Waking up early to commute to a job where I do nothing but filing, running small errands, and doing the work that none of the full-time employees wanted to do. A week before I started my first co-op, this was the co-op experience I mentally prepared myself for. Eight months later, as a Computational Biologist at Genome Sciences Centre, I created the most resource efficient software program capable of closing DNA gaps in the human genome. This is my co-op story.
Starting My Role
Back in May 2014, if you told me what I would have accomplished in my eight months at Genome Sciences Centre, I would have balked and laughed hysterically. I had good reason to have low expectations, which can be summarized by the following exchange during my interview between a trio of scientists (whom eventually became my supervisors and boss):
“Daniel, do you know what scripting is?” To which I answered, “No.”
“How about navigating around a Linux terminal?” Again I said, “No.”
“Are you comfortable with any programming languages?” I proclaimed, “Yes, I am experienced in Java!”
While it seems that paraphrased conversation ended on a good note, Java was in fact entirely unused in the software development team at Genome Sciences, where the majority of the coding was done in Python, Perl, or C++. None of which I had more than a day’s worth of knowledge. Now you can see why I was half expecting to be the intern that fetched everyone’s coffee.
It took me a week just to learn how to navigate around Linux terminal (for those unaware, Linux terminal is similar to Windows Command Prompt). It took me another week to learn enough Perl to create my own scripts and small programs.
Throughout the first two weeks of my co-op, my supervisors gave me background information about genomics. This was to prepare me for my project: develop a new, resource-efficient tool that closes gaps in genomes.
For those without a biology background, our DNA (also known as our genome) is composed of a series of nucleotide bases whose names are shortened to A, C, G, or T. Simply imagine a long metal chain, but each chain link is replaced by any of the 4 letters – that’s essentially what DNA is. Figuring out this long chain of letters is possible through new sequencing machines, but there are errors involved in the process. When there’s an error, instead of the displaying A, C, G, or T in the output of the machine, we see the letter N. Areas of N in a genome are called gaps. My new tool was to find a way figure out what these Ns are – to “close” the gaps.
By the end of June, I developed a prototype using Perl scripts. This surprised my supervisor; he wondered what they were going to do with me because I finished the project quickly. So he asked me to translate the Perl scripts into one single C++ program. By the end of July, I had a fully functional C++ program that performed admirably. In fact, we discovered that it performed better than existing gap-closing software available around the world thanks to its ability to process larger genomes. I named the program Sealer.
In the last four months of my co-op, I prepared a research paper about our new software. I performed the initial tests and analyses before I finished my co-op, and my supervisor performed more after I left. I wrote parts of the paper and my supervisor and peers edited or contributed to various sections. With a lot of hard work and a little luck, my co-op did not involve low profile tasks like I had initially expected, but rather I was given the opportunity to work on the bleeding edge of research.

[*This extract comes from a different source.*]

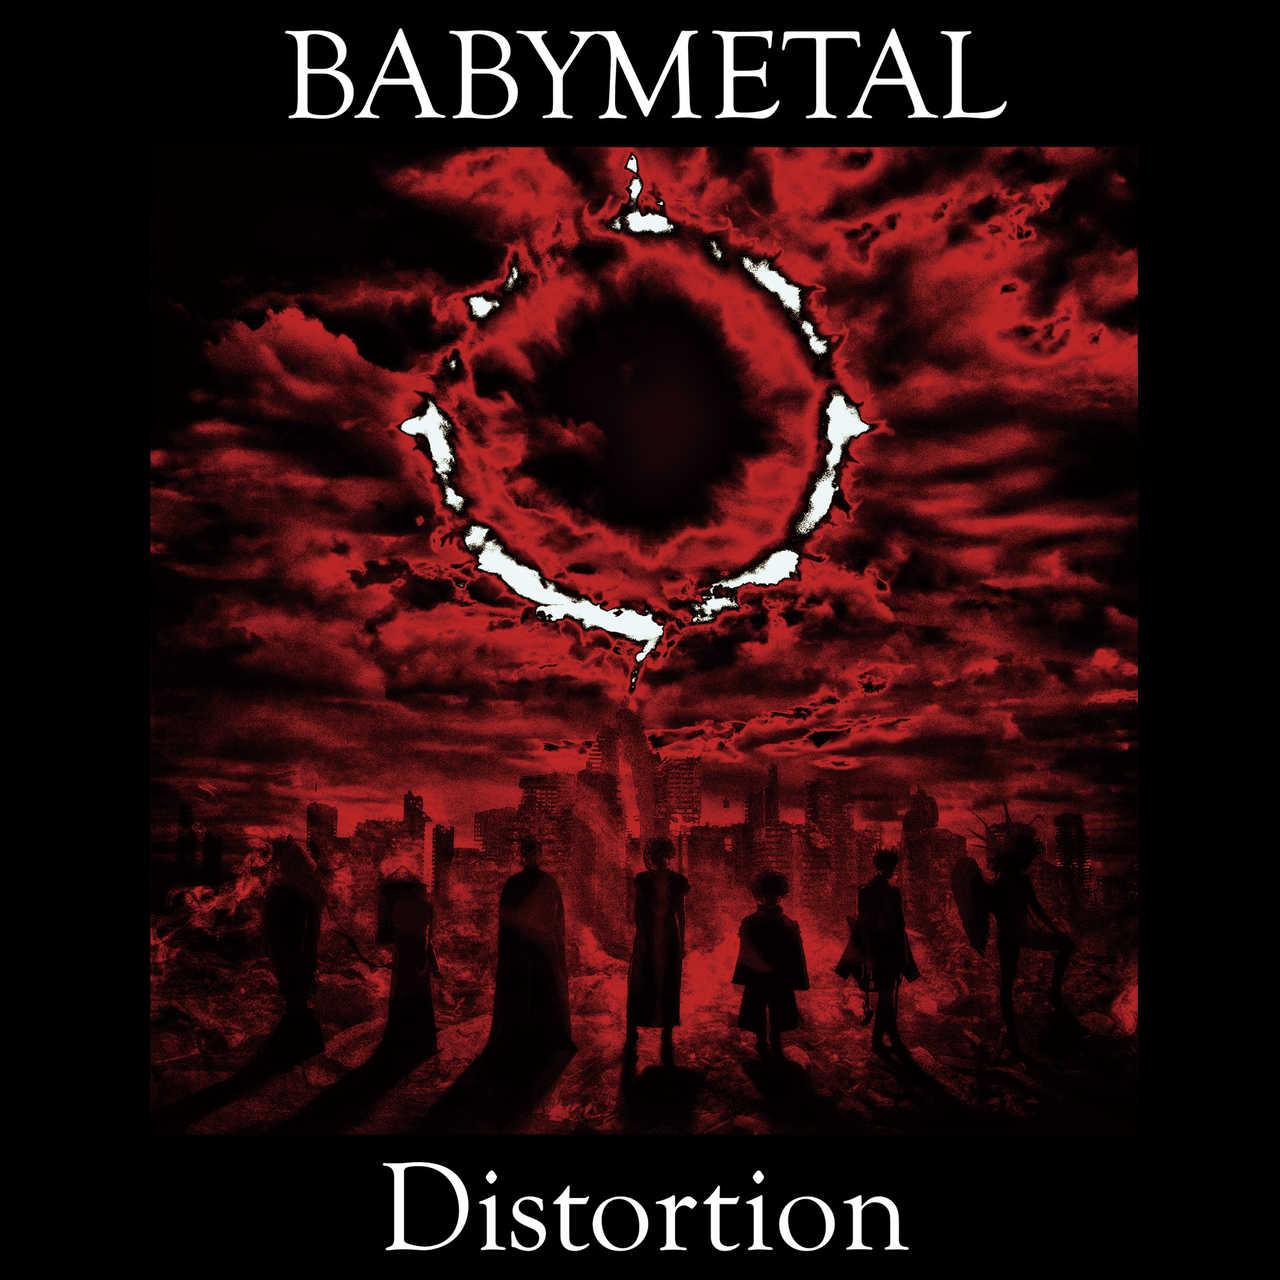 BABYMETAL「Distortion」最新ライブ映像を公開!アナログのリリースも決定!

What I Learned and Tips to Future Students
But all this success would not have happened had I not learned to work well with my team. Like every sports team, each person had a different job, but we needed to function as a single unit to accomplish large projects. I had to learn how to properly vocalize my ideas and concerns for a project, which took time and effort. For example, there were meetings every Thursday where my team would gather with our boss to inform him and other members of the progress of our projects. My initial presentations were quiet and without context; I would jump right into my results rather than reminding the team of my project and of the issues I had in the previous week. So instead of saying, “After the last meeting, I set out to fix this problem with my code. I have since resolved it and here are my new results,” I would say, “Here are my results.” In the latter, my team members were confused and thus unable to provide insight. But in the former, after I learned how to properly communicate at the meetings, my presentations became substantially more productive. Appropriate communication with co-workers was the most valuable skill I learned while I was at Genome Sciences Centre.
So for those entering a new co-op position, learn to communicate with your team. Get to know them. Your mornings will be brighter if you are going to work with people you know rather than co-worker A, co-worker B, etc. Ask questions when you need help; co-op is a learning experience and you will naturally not know how to do certain things. Lastly, make the most out of your time. Have you finished a project early? Ask your supervisor what else you can work on; showing initiative can only lead to good things. Who knows, maybe you will end up writing a research paper, too.